I am pleased to see that my frequent whinges about the abysmally low word rate paid to freelance journalists have made not a jot of difference. In fact, I would have been worried if they had. It would have meant that either someone in management was actually reading a magazine article or that they felt sufficiently guilt ridden to up the rate. Happily though, the status quo remains intact and freelancers can look forward to earning precisely the same amount of money for their work in the future as they have for the past fifteen years. I withdraw my past comments on the matter and accept that it is very bad form for a newcomer like myself to start comparing the newspaper and magazine industry with the real commercial world.
I guess the low remuneration is all part of the attractive struggling artist image. It would be all too easy to support an expensive drug habit or become an alcoholic if the word rate had, at least, kept pace with inflation. But where’s the fun in that? Where’s the suffering? What’s the point of being able to afford to live in an upmarket northern suburbs cluster complex when all you have are accountants and lawyers for neighbours? How are you supposed to stand out from the crowd?
The first act of Puccini’s opera La Boheme is the standard template for the struggling artist. Live in a leaky apartment, break the furniture up for firewood, eat one good meal a week and don’t pay the landlord. Oh yes, and only date girls who are dying of consumption.
The only problem with this romantic backdrop is that it’s fine when you’re still young enough to put a brave face on such bohemian misery. It ceases to be as much fun when you suddenly discover you’re older, less attractive to consumptive seamstresses, still being paid what you were fifteen years ago (while all your friends have moved on to the supertax bracket) and have no pension fund to keep you in your old age. It’s not even as if you can change jobs that easily. Once you’ve become accustomed to the undisciplined life of freelance scribbling with its long, drunken lunches, the prospect of pitching up to an office at the same time each morning and filling in a leave form holds very little attraction. So, unless you’re really determined to find another career, you’re stuck with it.
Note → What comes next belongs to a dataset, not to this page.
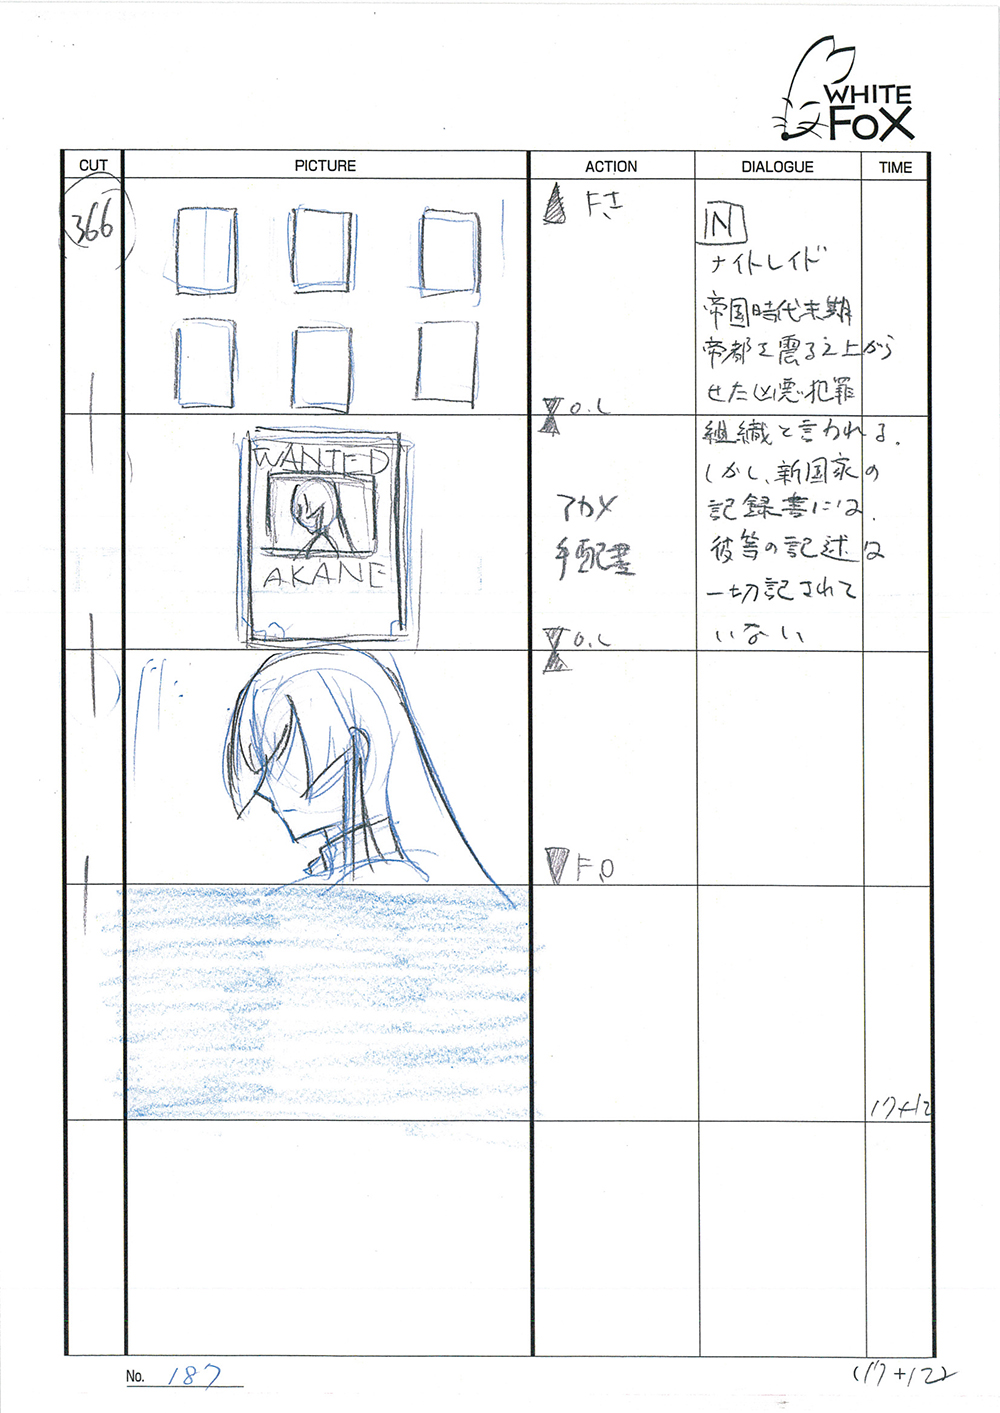 Akame ga Kill Episode 24 Storyboard Leak 192

Which means that you need to start making plans for your future and coming up with a survival strategy if you want to avoid becoming an embittered old hack. First rule is never to write for a publication you wouldn’t want to read yourself. If you don’t want to read it then you can assume that nobody you know wants to either. What’s the point of sweating out 800 words at a low rate if nobody you know is going to read them? If you can’t have the money you can at least have the fame, so restrict yourself to high circulation publications. The spin off is well worth it. You get more invitations to travel freebies and you get to attend good parties because the PR industry assume you have more clout. You are also more likely to be invited to MC events if you write for a large circulation publication than if you happen to be the property editor for Homeless Talk. And, at upwards of R15,000 for an evening, MCing is the only way we freelancers can still afford life’s little vices. With any luck I should be able to give up writing completely next year.